What needs to be done » Without its pictures, the listing below is to be transcribed exactly.
***** Provided data *****
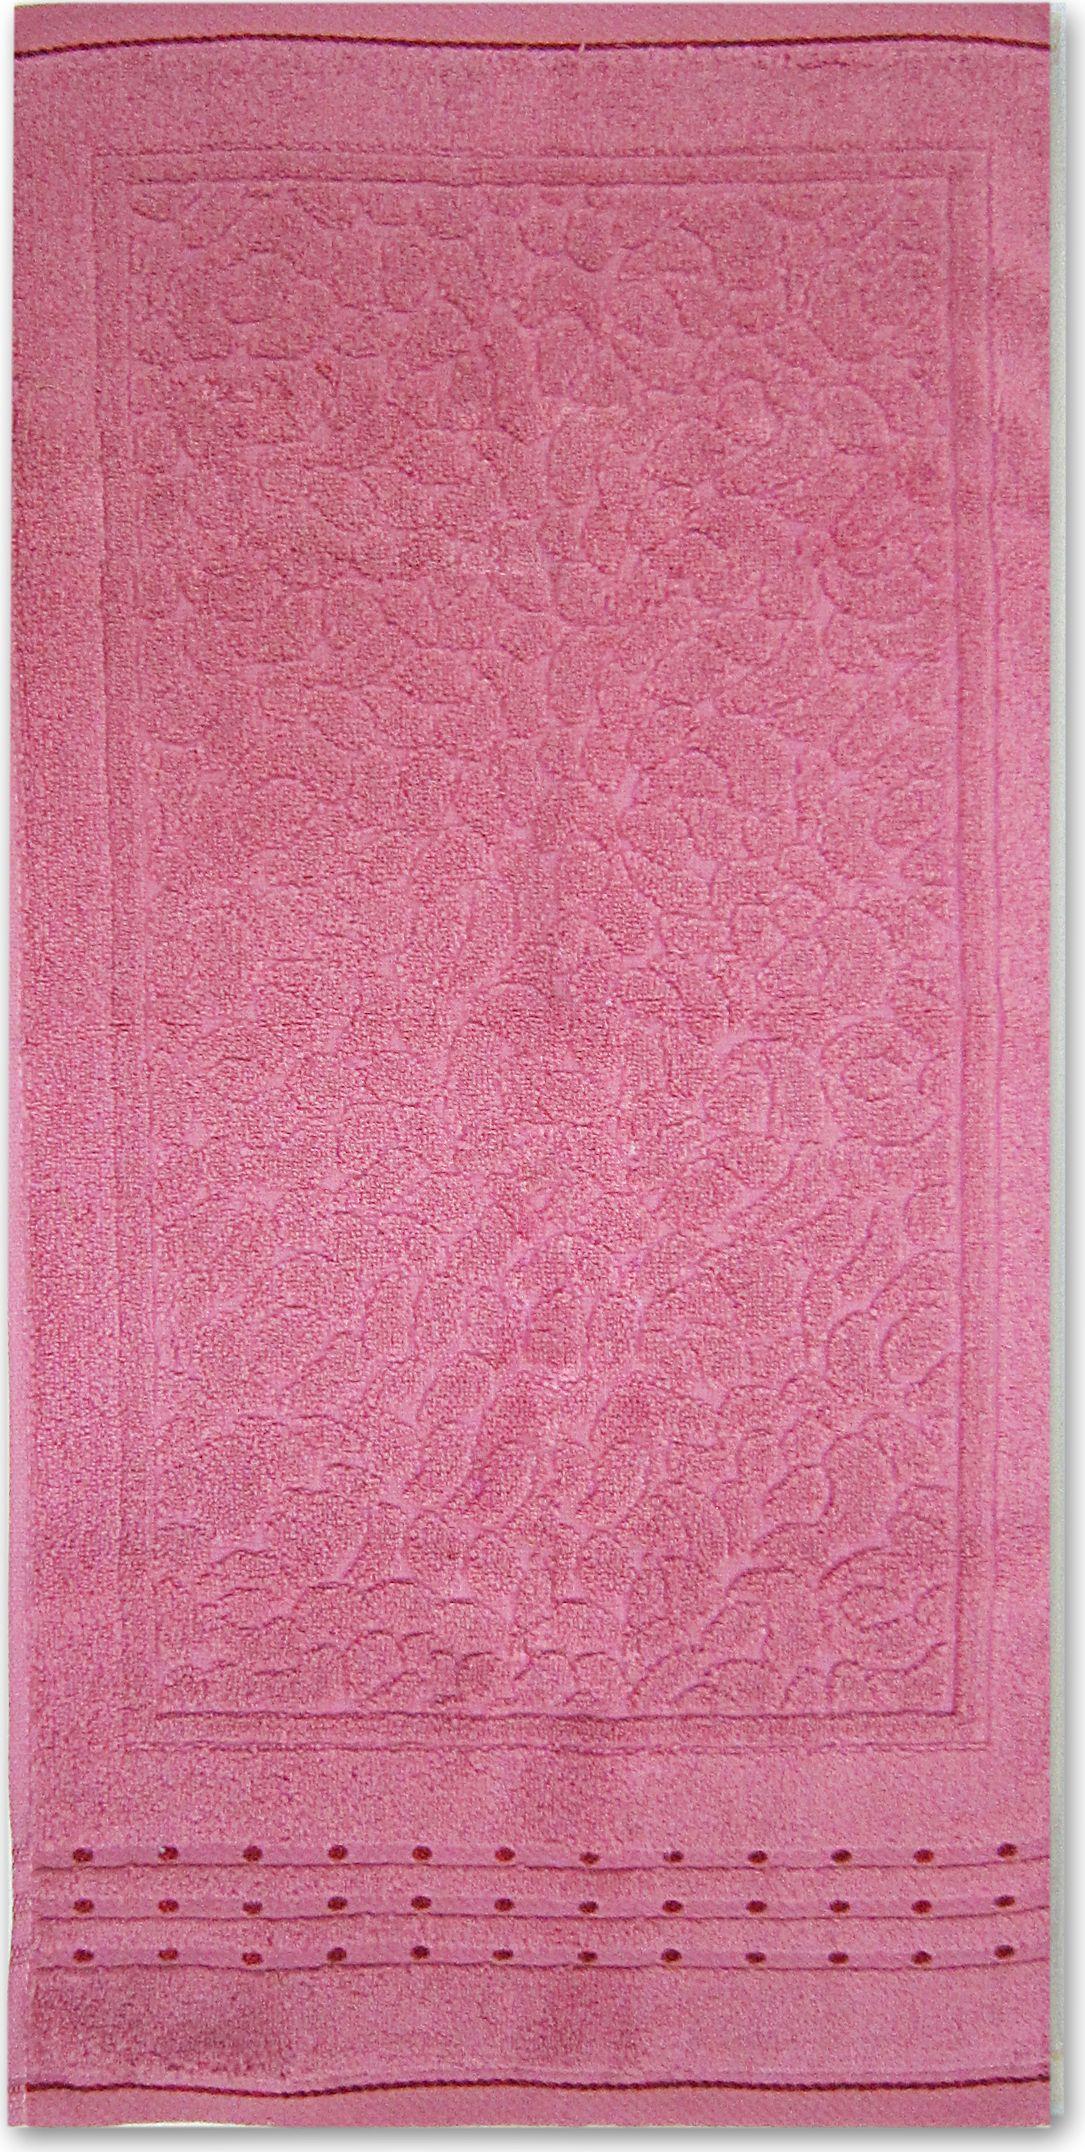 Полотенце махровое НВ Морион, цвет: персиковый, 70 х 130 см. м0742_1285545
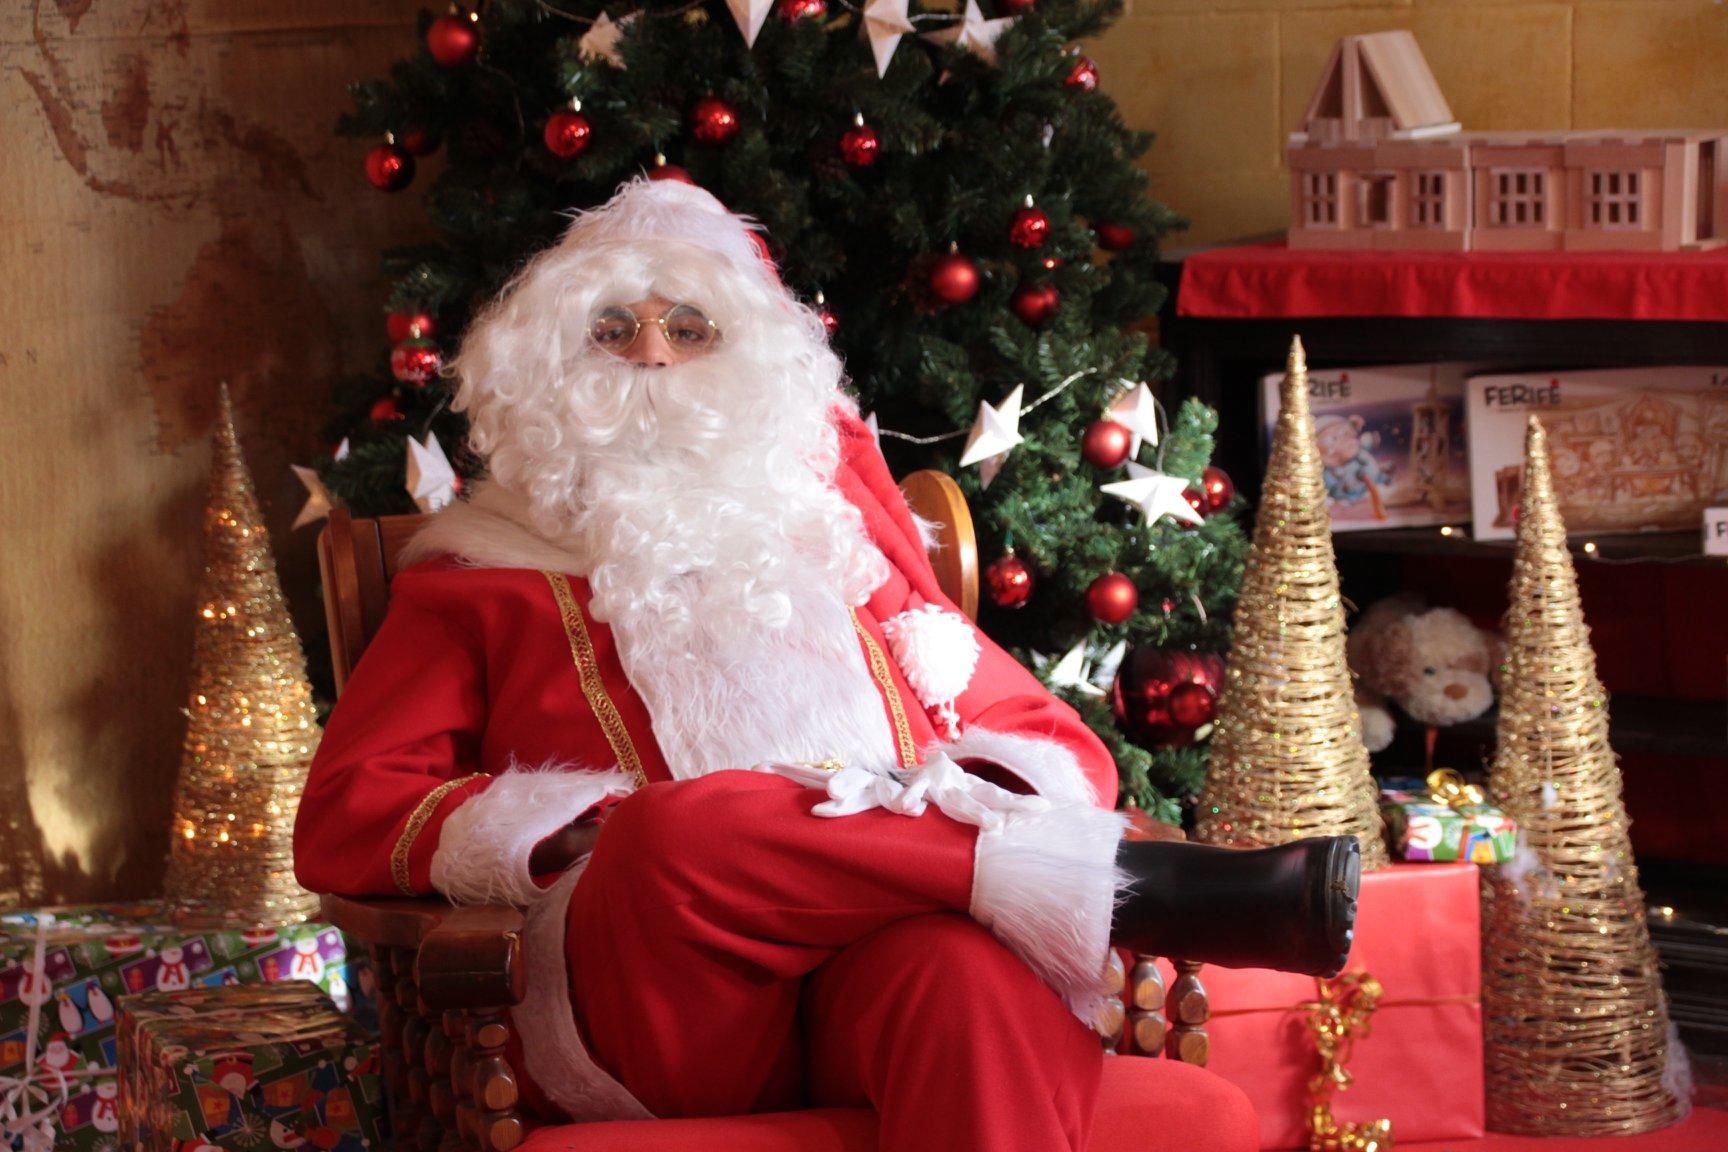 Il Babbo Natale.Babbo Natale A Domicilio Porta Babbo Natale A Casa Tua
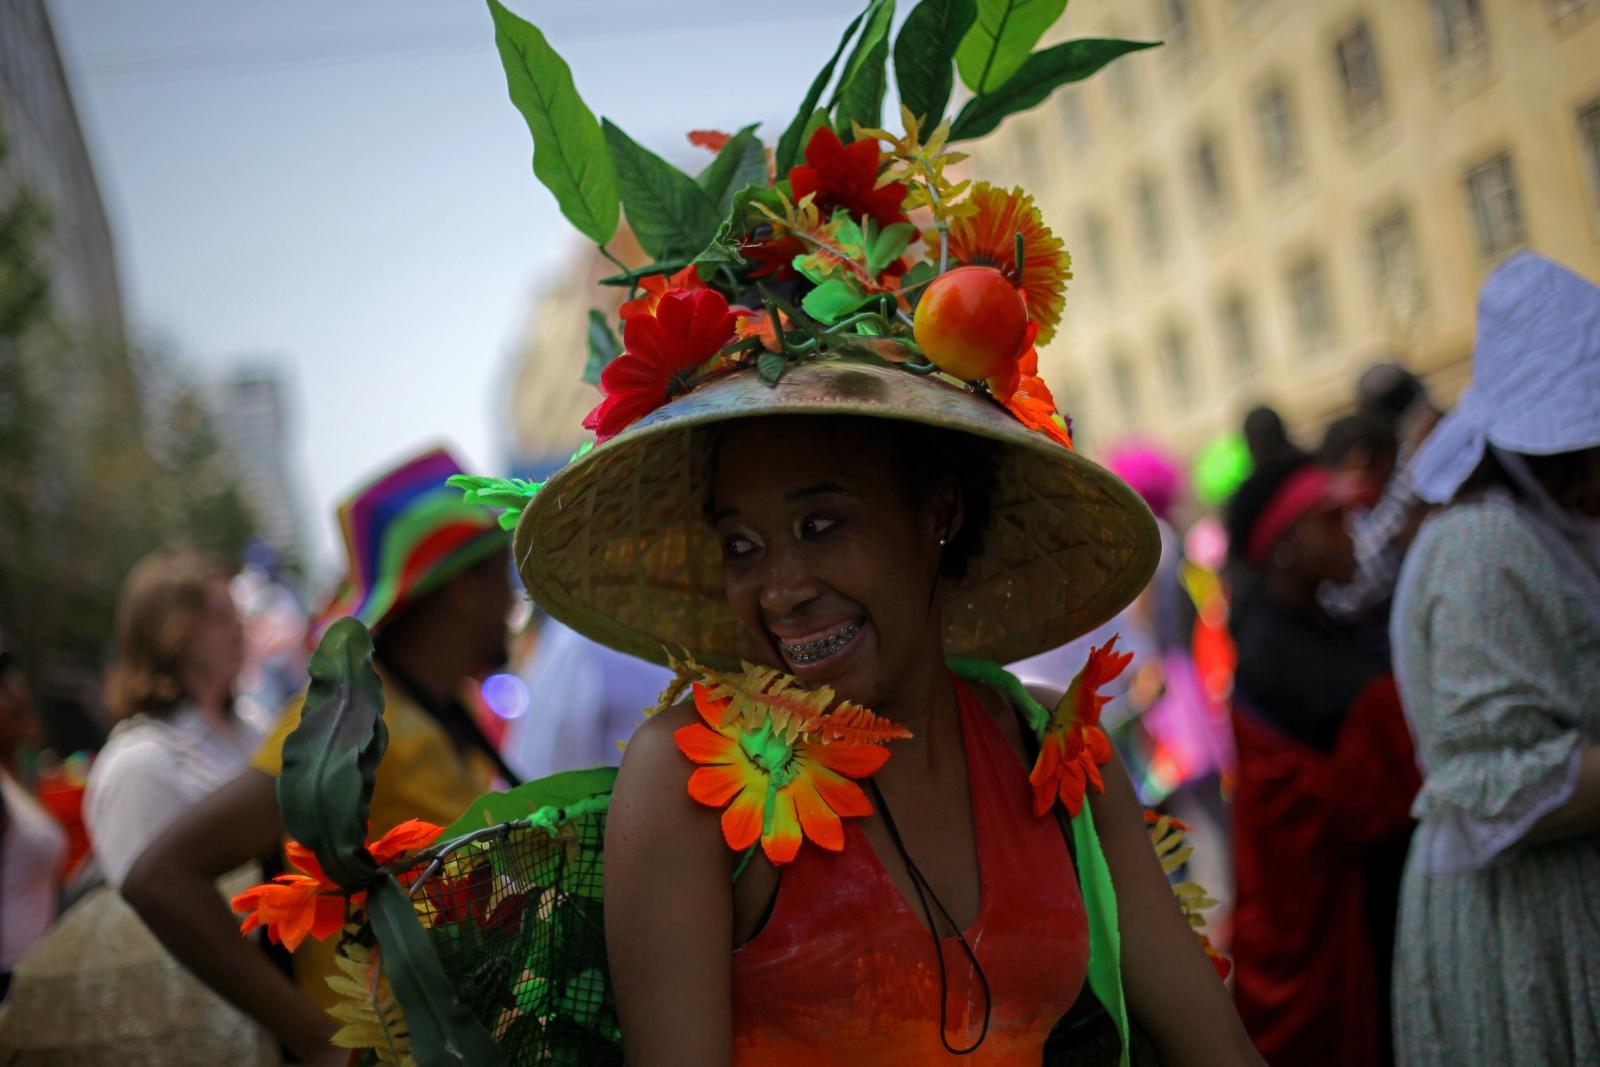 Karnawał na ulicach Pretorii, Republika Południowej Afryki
*****
Solved exercise »
 Полотенце махровое НВ Морион, цвет: персиковый, 70 х 130 см. м0742_1285545
 Il Babbo Natale.Babbo Natale A Domicilio Porta Babbo Natale A Casa Tua
 Karnawał na ulicach Pretorii, Republika Południowej Afryki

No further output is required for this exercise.